Дни проходили, неприятное чувство в сердце Поллианны не уменьшалось, а росло. Все её вопросы, все замечания отражали беспокойство миссис Кэрью. Даже игра в радость почти потеряла свой вкус.
— Я не могу найти, — говорила Поллианна, — чему бы им радоваться. Конечно, мы можем быть рады, что не такие бедные, как они. Но всякий раз, когда я думаю, что я этому рада, мне становится их так жалко, и я не могу радоваться. Конечно, мы должны быть рады, что есть бедные, потому что мы можем им помочь. Но если мы им не помогаем, тогда что?
И Поллианна не могла найти никого, кто бы дал ей удовлетворительный ответ. Когда она подходила с этим вопросом к миссис Кэрью, та становилась ещё беспокойней и печальней. С приближением Рождества ничего не менялось.

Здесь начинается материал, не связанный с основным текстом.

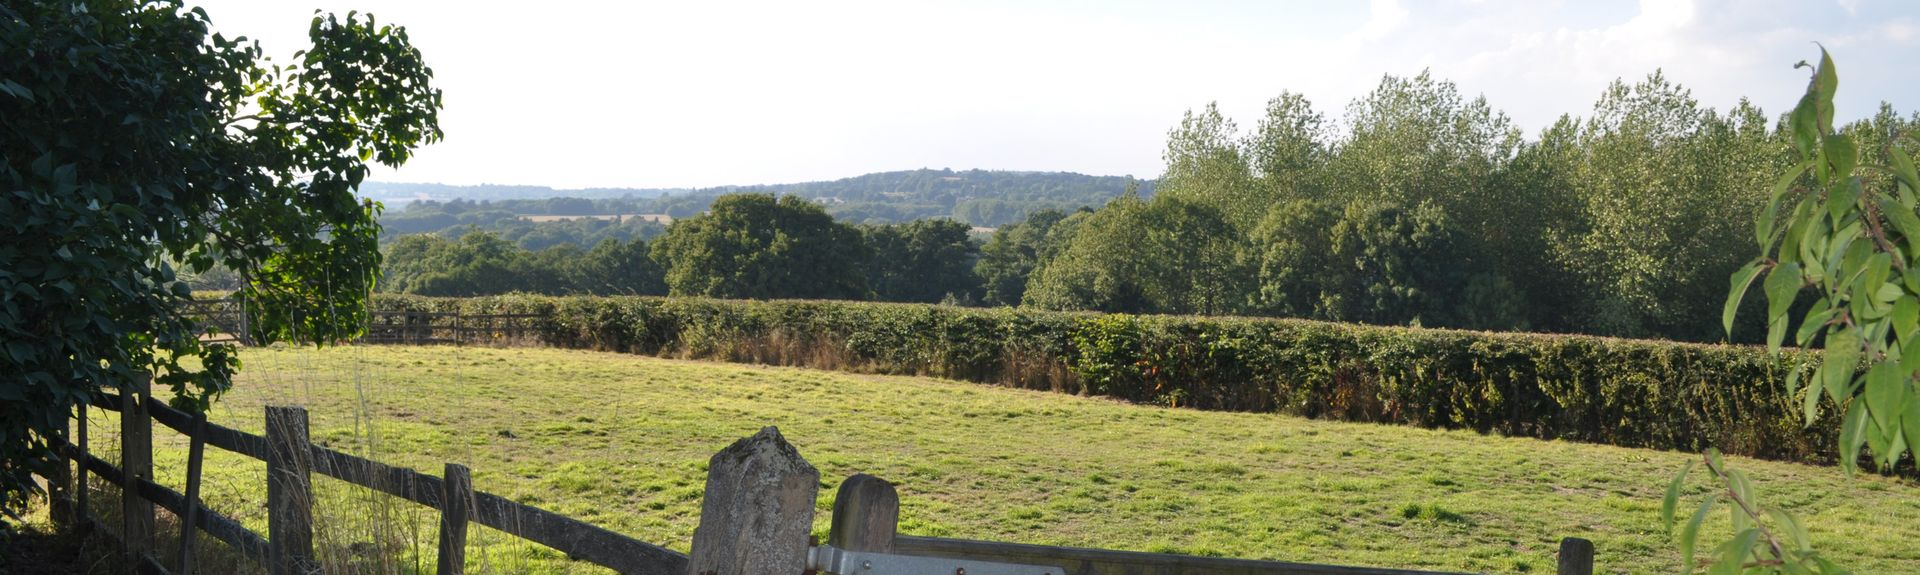 Hammerwood Park, East Grinstead, Englanti, Yhdistynyt Kuningaskunta

Всё, даже блеск мишуры, причиняло ей боль — ведь ёлка напоминала о детских башмачках, приготовленных для Деда Мороза. Для её Джеми башмачка не было.
Наконец, за неделю до Рождества, она решила, что одержала победу над собой. Решительно, но без всякой радости, она отдала краткие распоряжения Мэри и позвала Поллианну.
— Поллианна, — резко начала она, — я решила взять… взять Джеми. Машина сейчас будет готова. Я поеду за ним и привезу его. Если хочешь, можешь ехать со мной.
Лицо Поллианны вмиг преобразилось от радостного света.
— Ох, как я рада! — едва выдохнула она. — Я так рада, что мне хочется плакать и кричать! Почему, миссис Кэрью, когда ужасно радуешься, хочется плакать?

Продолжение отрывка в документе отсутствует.